Guest Post: Fraga’s Death and Spain’s Memory
Guest Post: Fraga’s Death and Spain’s Memory
By SONJA DECHIAN | Published: JANUARY 19, 2012
The following is a guest post kindly contributed by Dr.Vincent Druliolle of Universidad Carlos III de Madrid, in Spain.
Manuel Fraga Iribarne died at age 89 at his home in Madrid. Fraga was a controversialpolitical veteran who epitomizes the ambiguities of post-transition Spain. He started his political career in the early 1950s under Franco before serving as Minister of Information and Tourism and being appointed ambassador to London in 1973. After Franco died in 1975, he held various positions but never fulfilled his ambition to become Spain’s Prime Minister. However, he was one of the fathers of the Constitution and the founder of Alianza Popular, a conservative party that would be instrumental in integrating right-wing politicians to the democratic game. In the 1980s, Alianza Popular became Partido Popular, and Fraga appointed José María Aznar as his successor to lead the party. Manuel Fraga was also President of the Senate and the elected President of Galicia for 15 years in democracy.
The reaction of Spanish political parties and media was unanimous: they all celebrated the founding father of the Constitution, a major statesman of this century who helped to put Spain on the path to democracy. Spanish President Mariano Rajoy, of Partido Popular, claimed that ‘[Manuel Fraga] characterised the path of the nation as it turned itself into a country of liberty.’ The Socialist Party also paid tribute to the politician whose role in the transition to democracy was crucial. Only a few discordant voices, mainly the Left-wing Izquierda Unida and Basque nationalists, reminded that Fraga was a member of Franco’s dictatorship and was involved in the repression, that his commitment to democracy was somewhat belated, and strategic and limited at best. In Barcelona, a few members of the Communist Party, Republicans and Catalan nationalists celebrated Fraga’s death.
The Spanish press, too, remembers Fraga as a key actor of the transition to democracy. His dictatorial past and authoritarian character is referred to mainly in articles recounting international reactions to his death. Some Spanish conservative newspapers do not even mention that Fraga was a minister under Franco, or herald him as a great democrat. In fact, over the past decade, ‘revisionist’ history justifying Franco’s dictatorship has continued to grow. Hardly any media remind their readers that earlier this year an Argentine judge investigating Franco’s repression requested documents about Fraga’s role in the repression. Only a few articles and opinion pieces overtly question the partiality of tributes to Fraga, and they have already generated angry reactions.

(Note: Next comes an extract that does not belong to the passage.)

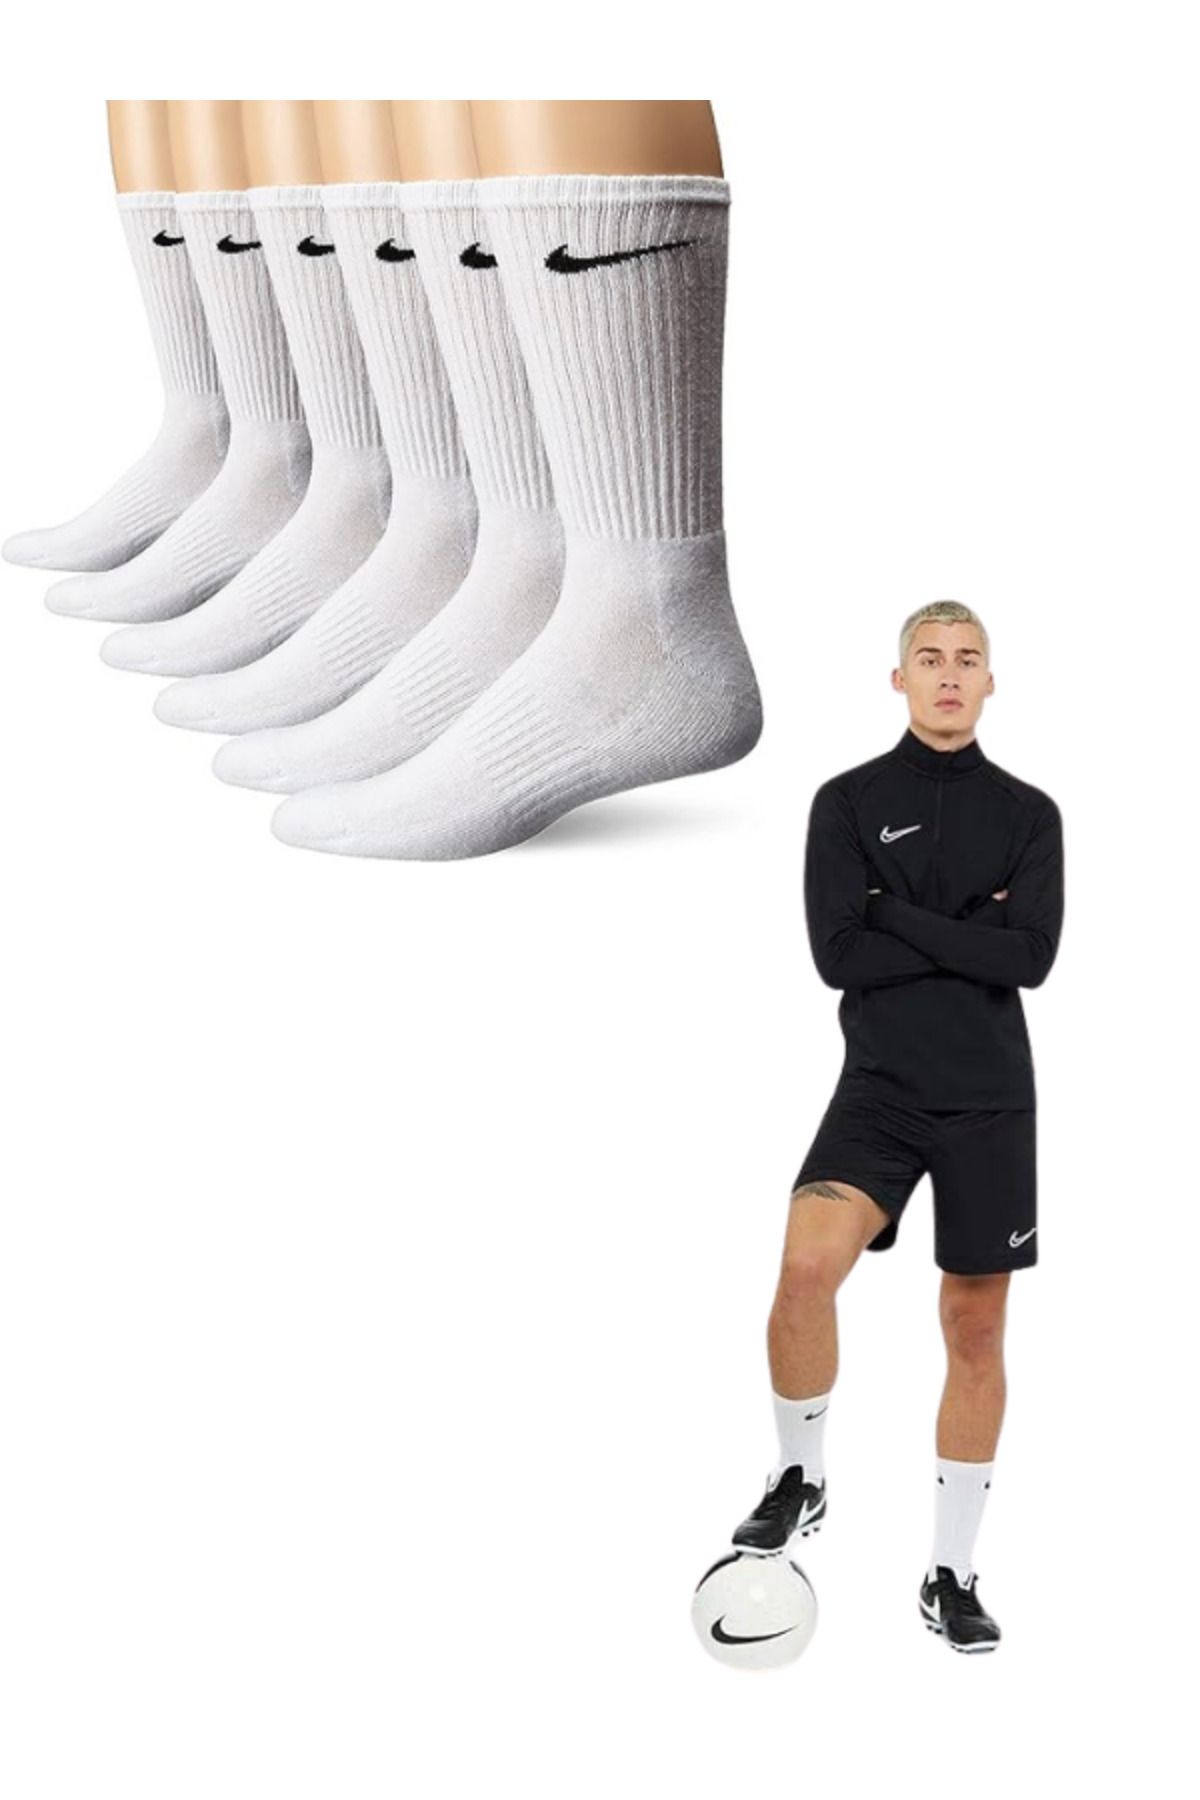 Socks Sirius 6 Çift Penye Kumaş Antrenman Spor Beyaz Siyah Futbol Maç Halı Saha Koşu Çorap Seti

This rather biased coverage is not surprising. The transition to democracy is regularly celebrated as the founding moment of Spanish democracy, and its actors are highly revered by the media and politicians, some of whom were themselves actors in this process. Because it is constantly repeated that it allowed the reconciliation of Spaniards and the instauration of democracy, those who criticise the transition and stress its institutional, political and cultural implications are more or less explicitly accused of threatening democracy. The reaction to Fraga’s death epitomises this (self-)censorship and (self-imposed) amnesia, but also the consequences of not dealing the past in Spain. It is often said that Spain’s violent past (the Civil War and the dictatorship) was forgotten in the name of reconciliation, and the Amnesty Law of 1977 was the institutional embodiment of this spirit that still prevents investigating the past. Yet it has been stressed that this kind of amnesia, has made it impossible to identify, and especially distinguish, perpetrators and victims, or even reversed these roles. The reactions to Fraga’s death are a perfect illustration: while he is presented as a great statesman and one of the co-founders of Spanish democracy, the demands of the victims of Franco’s repression and the movement to ‘recover historical memory’ are still not seen as legitimate in post-dictatorship Spain. Ironically, the consensual tribute to Fraga occurs after a commission recommended the exhumation of Franco’s remain from the controversial Valley of the Fallen, an exhumation which is unlikely to happen, and before Baltasar Garzón is judged for trying to investigate Franco’s repression (Garzón is being judged in three different cases that are likely to put an end to his career). If the temporal sequence of these events may be pure coincidence, what it reveals about the implications of (not) dealing with the past in the way Spain has, is not.